Publication lists and repositories

Peter Cameron's Blog 2018-03-12

How many publications do I have?

Actually, I don’t care too much about that; but if I were younger and applying for promotion, it would actually matter. But suppose you wanted to answer the question, or indeed to get copies or reviews of the papers, or to find citation counts.

You could turn to the abstracting/reviewing websites, MathSciNet or Zentralblatt Math. They list, respectively, 320 and 328 publications, Zentralblatt giving the additional information that this includes 16 books. MathSciNet also finds 3252 citations of my work. Of course, both of these sites give access to reviews of the papers, and in some cases it is possible to get the published papers from there. But this depends on having the relevant subscriptions (as indeed does access to these two sites).

What about Web of Science? Well, I completely failed to find how to search for just my publications, and there are lots of people called P Cameron beavering away! Accurate author identification really matters.

Lots of people use Google Scholar, and it is not hard to see why. This site credits me with 381 publications, having 11351 citations. How do they get so many? I went down to the end of the list and found all sorts of things, some just about legitimate (documents put on the web but never published), some just crazy (fififiifiifli%fifi§§%fi._, by P. J. Cameron and N. M. Singhi, anyone?) There are ways of tidying this up, but it hardly seems worth the trouble. As to finding three times as many citations as MathSciNet does, I really don’t know how they manage this.

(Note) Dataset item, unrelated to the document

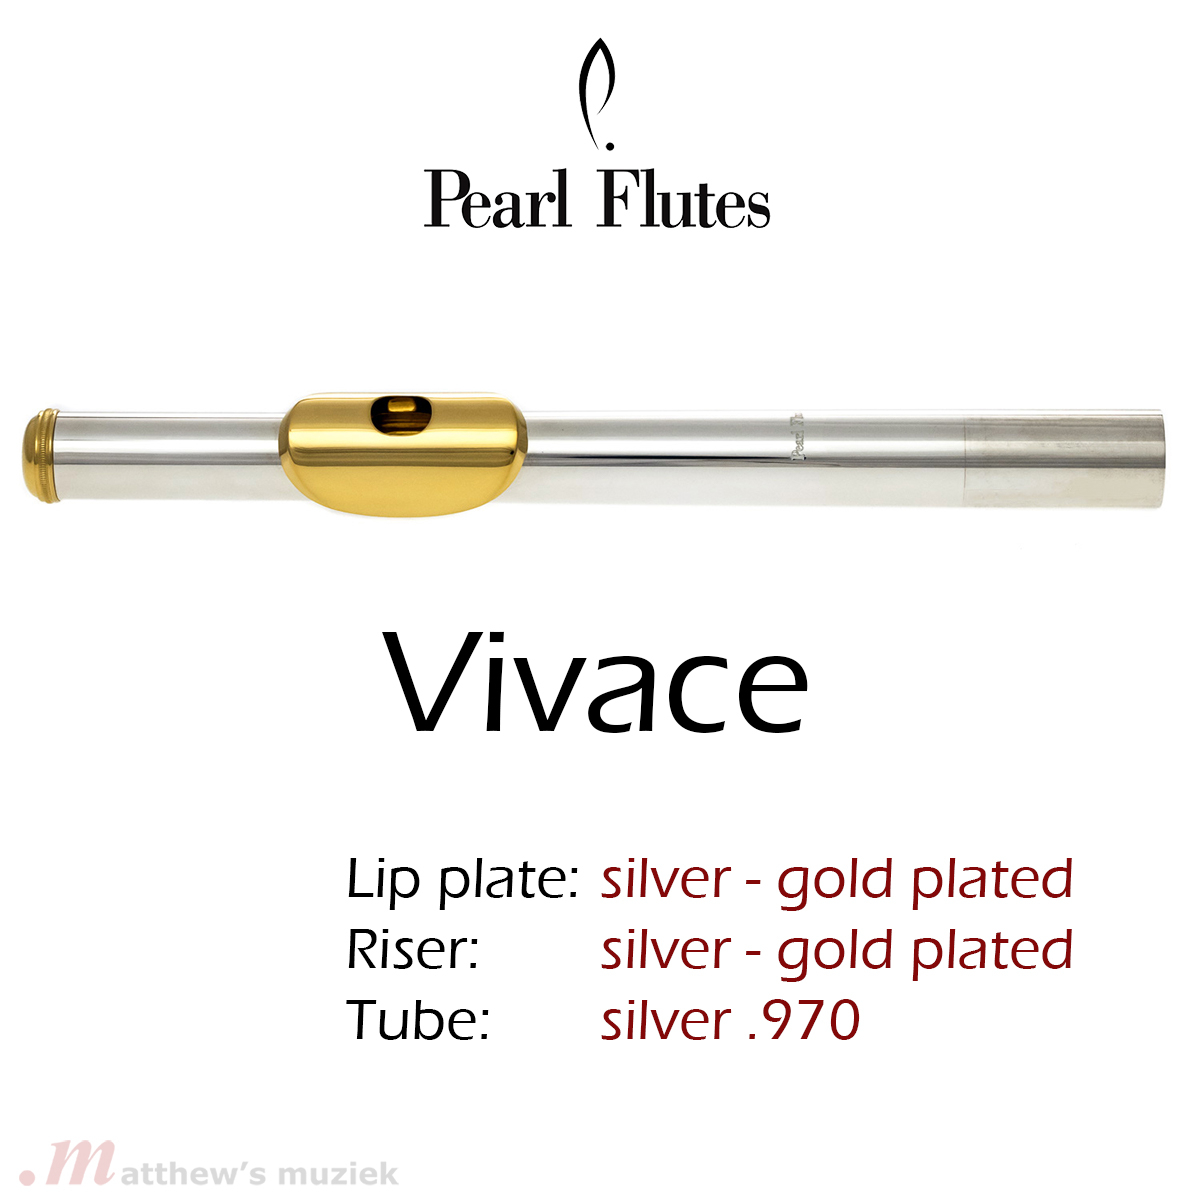 Pearl Flute Headjoint - Vivace .970 Silver - Gold Plated Lipplate, Riser and Crown

ORCiD tries to be accurate and reliable; it links to other databases and also allows me to edit entries easily. It lists 265 publications. Some of these were imported from Scopus, which lists 249 documents and 2991 citations. Also, increasingly, publishers are allowing you to log in via ORCiD rather than needing a separate login for each journal.

ORCiD gives DOIs for the papers it lists, which means that you can get anything (even book chapters) if you have the appropriate subscription (usually the case if you are logged in to a university account, though this may change).

Scopus is a commercial site; the information there seems fairly reliable (if incomplete), with one exception. Here is the list of my interests on Scopus: Mathematics, Computer Science, Physics and Astronomy, Social Sciences, Biochemistry, Genetics and Molecular Biology, Engineering, Decision Sciences, Psychology. Most of these are spurious. (I do have one paper in each of the Communications in Mathematical Physics and the Journal of Mathematical Psychology, but that doesn’t mean that either physics or psychology is a research interest of mine.)

DBLP gives me 128 publications of which 121 are journal articles (the others are parts in collections or informal publications). It links to everything and gives easy access to the other sources I have mentioned here. Why relatively few? It is a computer science database; frankly, I am surprised that I have as many as 128 publications that can be classified as computer science. (But I was astonished at the size of the DBLP database: they have over 8000 authors listed with the surname Wu, for example.)

I have 65 papers on the arXiv classified as mathematics, 5 computer science and 4 statistics (but there are some overlaps). Of course, I have not been putting papers on the arXiv for my entire career; first it didn’t exist, and then when it did I was too incompetent to use it, so my earliest papers there were posted by coauthors. And of course the great advantage of the arXiv is that you may freely get copies of the papers there. Most new papers of mine go there now, as well as some historical documents dug out of the files which may be of some interest.

The St Andrews repository lists 78 of my publications. These are the ones since the last-but-one research assessment (we were instructed some years ago to enter all these, and I never got round to putting in earlier ones: the process is far from straightforward). It is a repository: as well as titles, open-access copies or post-acceptance manuscripts available there.

According to my own list I have 344 publications, of which 17 are books. This is not completely accurate either. When I drew up this list some years ago, I made a few mistakes, so that one number in the range has no corresponding publication, while others have several (e.g. several chapters in the same book). Also, this list includes papers which are in press or have been accepted for publication, which it would not be reasonable for MathSciNet or Zentralblatt to know about.

So clearly MathSciNet and Zentralblatt are the most accurate sources. But if I were applying for promotion, you can see how Google Scholar would be tempting. Also, in my view, the arXiv is the most important repository.